Design Activists: Raise Your Flag High!


Friday, February 26, 2010 3:37 pm

17-school-buildingDesign activism is on the rise. The most recent and public expression of this movement can be examined at New York’s Center for Architecture. Modernism at Risk: Modern Solutions for Saving Modern Landmarks recently opened to large crowds and runs through May 1. It chronicles efforts taken to save, or try to save, Modern architecture’s significant buildings. For me, the most inspiring of these initiatives is the ADGB Trade Union School (left), built in 1930 in Bernau, Germany, by architects Hannes Meyer and Hans Wittwer. (Meyer, you may recall from your history class, was the second director of the world-shaping Bauhaus design school where Wittwer was an instructor.) The activists in this case began working together in 2001, creating the kind of positive and sustained energy such efforts demand. Local government, business, and academia participated in devising a competition to save and restore the building. Now it’s not only a great place to learn, but a resource for the community as well as an inspiring case study for scholars and architects wanting to know more about the living, breathing buildings of the early Modernists.
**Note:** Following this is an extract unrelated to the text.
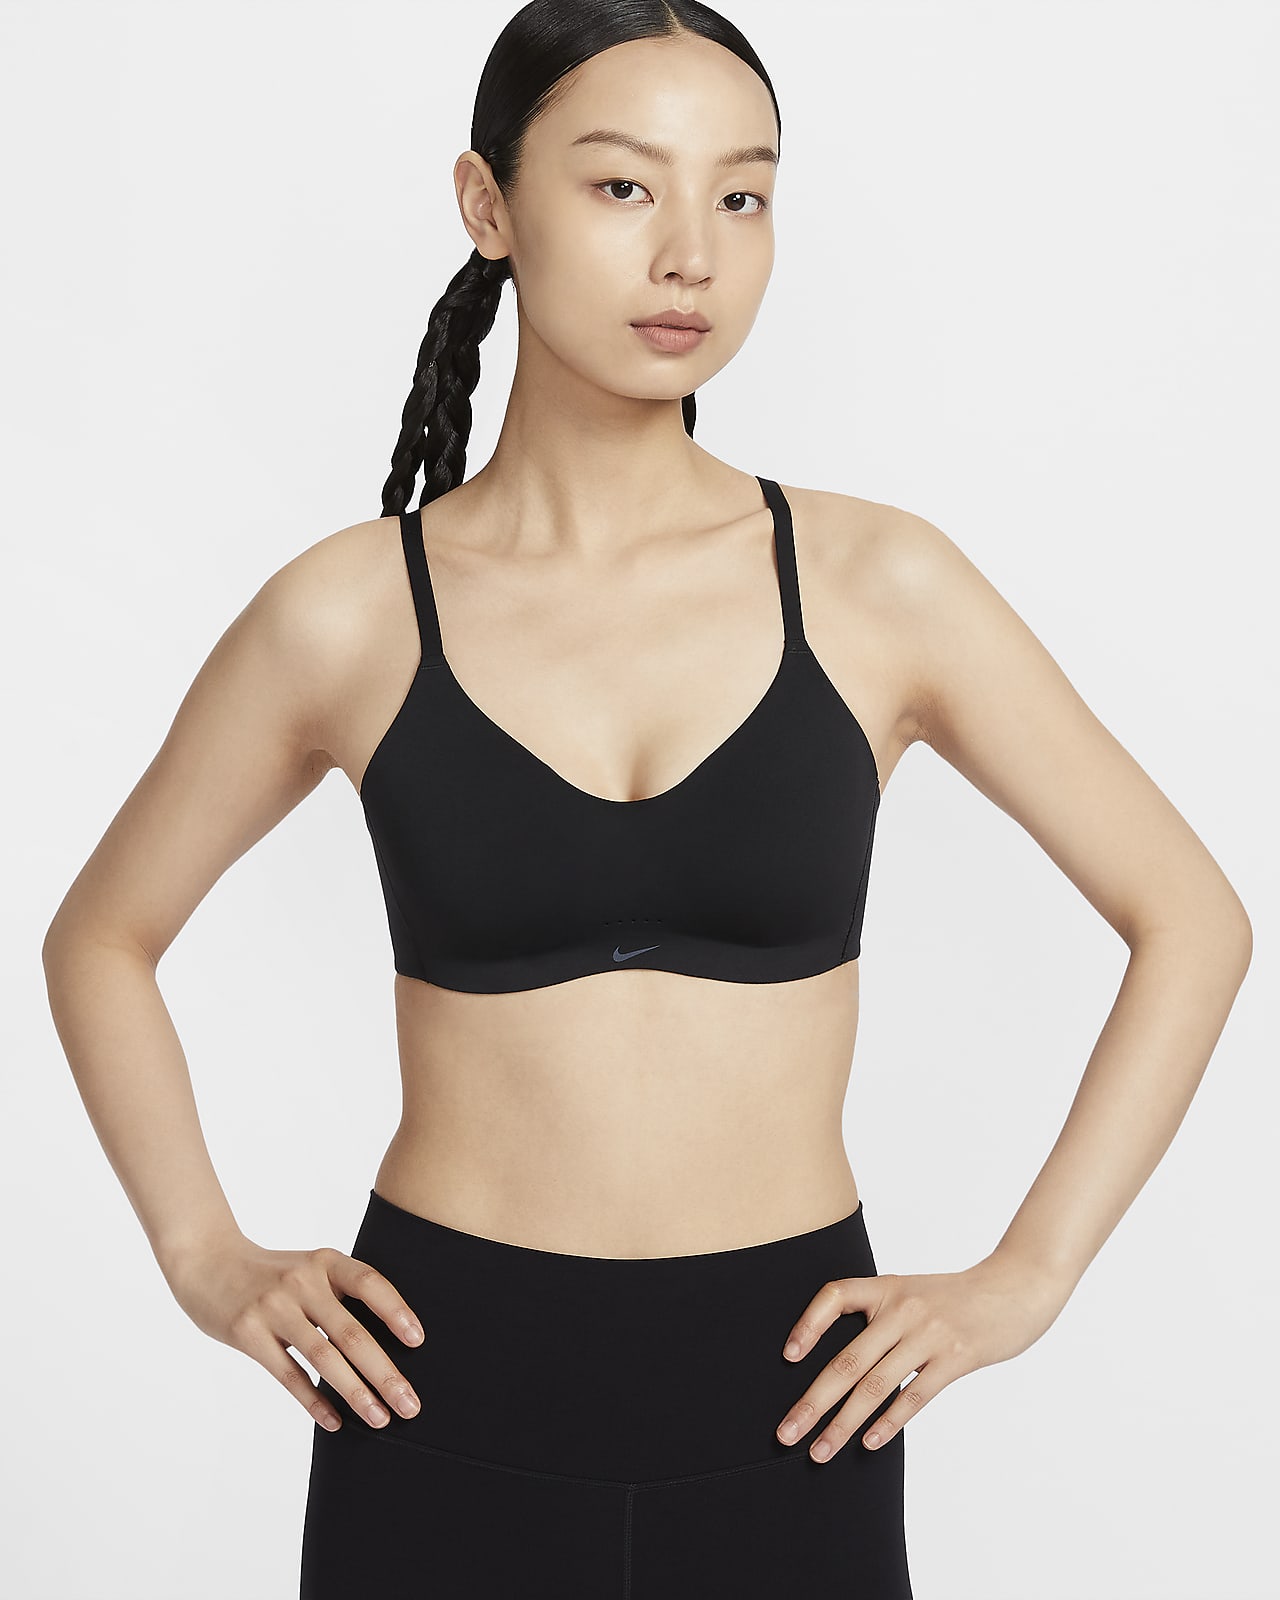 Nike Alate Minimalist Women's Light-Support Padded Convertible Sports Bra

Sadly, the record for saving Modernist masterpieces remains spotty. One of the most distressing losses to the cause is Paul Rudolph’s Riverview High School, built in Sarasota, Florida, in 1958 and demolished to make way for a parking lot in 2009. Our film, Site Specific: The Legacy of Regional Modernism (below) was chosen by the curators to be part of the show at the Center. It tells the story of innovative design followed by a willful resistance to new ideas and benign neglect. Though the local and international community of architects mounted a strong campaign to save Riverview—they convinced the World Monuments Fund to put it on its most endangered list—the building was in such bad condition that it was impossible for the school board and the public alike to imagine its rebirth, even though at least one proposed renovation scheme had great potential for bringing Rudolph’s design into the 21st century and creating a smart asset for the community.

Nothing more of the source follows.